━━━ Listed records

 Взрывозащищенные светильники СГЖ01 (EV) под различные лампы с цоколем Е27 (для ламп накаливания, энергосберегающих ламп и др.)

━━━━━━
━━━ Listed records

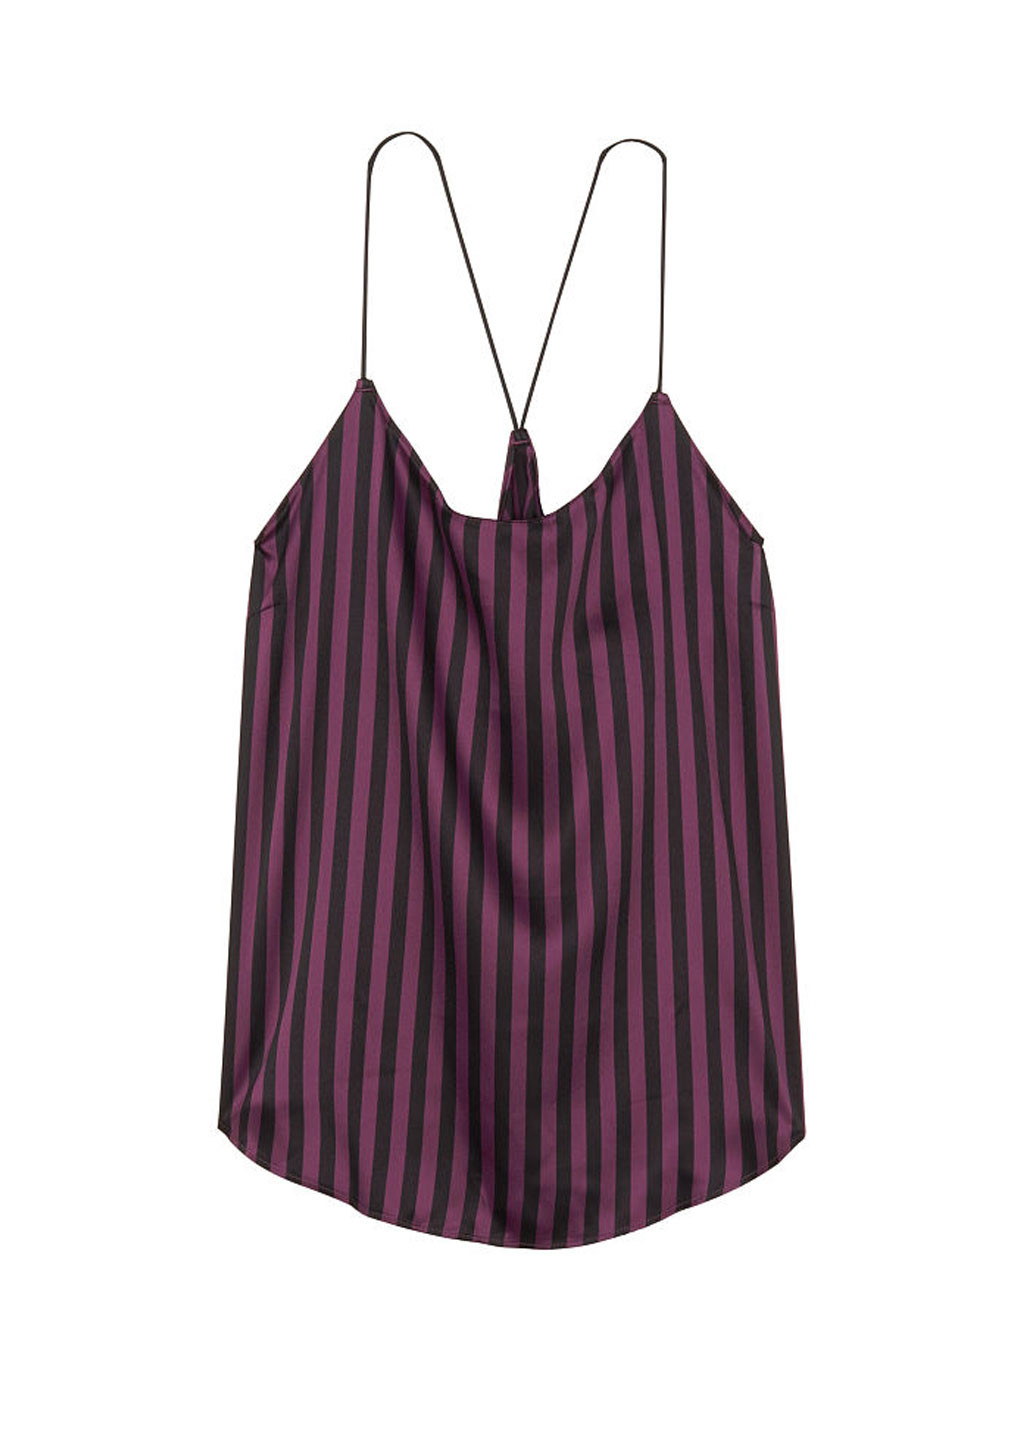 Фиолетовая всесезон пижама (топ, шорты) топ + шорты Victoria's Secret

━━━━━━
━━━ Listed records

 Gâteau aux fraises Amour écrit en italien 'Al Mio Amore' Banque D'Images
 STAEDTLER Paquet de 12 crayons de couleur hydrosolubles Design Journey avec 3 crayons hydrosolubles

━━━━━━

Problem description
The lines above starting at the one that contains "Gâteau aux fraises" and ending at the one that contains "STAEDTLER Paquet de" must be transcribed exactly, and no other lines may appear.

Answer box
 Gâteau aux fraises Amour écrit en italien 'Al Mio Amore' Banque D'Images
 STAEDTLER Paquet de 12 crayons de couleur hydrosolubles Design Journey avec 3 crayons hydrosolubles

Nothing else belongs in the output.